AI·GPU
2026-04-08

Comparing AI Inference Optimization Tools: TensorRT vs ONNX Runtime vs Triton

Comparing AI Inference Optimization Tools: TensorRT vs ONNX Runtime vs Triton

This content was produced in collaboration with an external contributor to bring you real-world expertise and insights from industry professionals.

Do You Really Need GPUs Just to Run an AI Model?

Everyone knows that training AI models requires a ton of GPUs. But here's the thing — you often need GPUs not just for training, but also for actually running the finished model. The process of taking a trained AI model and using it to analyze new data or generate predictions is called inference.

As LLMs and other AI models keep getting larger — and as more teams build multi-agent AI systems that run several models simultaneously — the computational demands keep climbing. At the same time, users expect near-instant responses, so inference has to be fast.

All of this means that GPUs have become essential for running inference in production, especially for high-traffic services where inference requests never stop coming. The GPU bill adds up quickly.

Why AI Model Optimization Matters
Why AI Model Optimization Matters

GPUs are expensive and hard to come by. So companies are looking for ways to maintain the same level of performance while using fewer GPU resources. That's where inference optimization comes in.

Inference optimization refers to a set of techniques that make more efficient use of GPU resources without sacrificing model performance. Let's take a look at three major tools that can help.

Three Key Tools for Inference Optimization

The tools we'll compare here are TensorRT, ONNX Runtime, and Triton.

이번 글에서 비교할 툴은 TensorRT, ONNX Runtime, Triton 입니다.
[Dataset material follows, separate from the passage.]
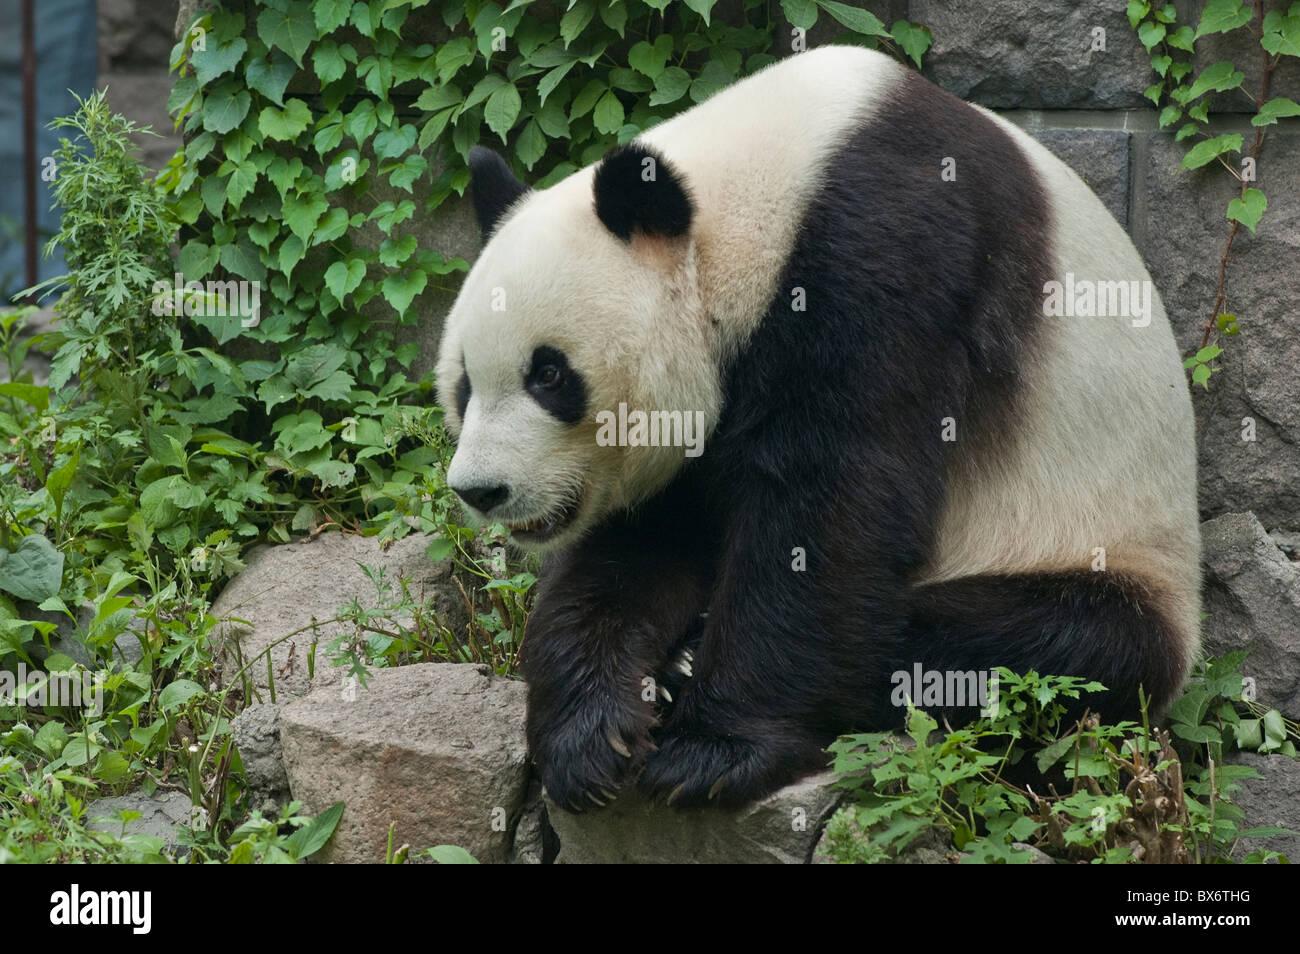 Giant panda sitting on a rock at Beijing Zoo, Beijing, China. - Stock Image

  • TensorRT is a high-performance inference engine from NVIDIA, purpose-built to optimize and run deep learning models on NVIDIA GPUs. It delivers best-in-class performance, particularly in single-GPU environments where low latency and high throughput are critical. For more details, check out the TensorRT docs.
  • ONNX Runtime is a cross-platform inference engine led by Microsoft. Its standout feature is versatility — it runs ONNX-format models across Windows, Linux, mobile, and even browsers, supporting a wide range of AI frameworks. Beyond GPUs, it works with CPUs, NNAPI, CoreML, and more. See the ONNX Runtime docs for details.
  • Triton is a unified model serving platform that can manage and serve multiple models from different frameworks simultaneously. It supports TensorRT and ONNX models (among others) all within a single server. Optimized for Kubernetes and Docker environments, Triton excels when you need to run many models concurrently or handle large-scale traffic. Learn more at the Triton docs.

The table below compares the three tools across several key criteria.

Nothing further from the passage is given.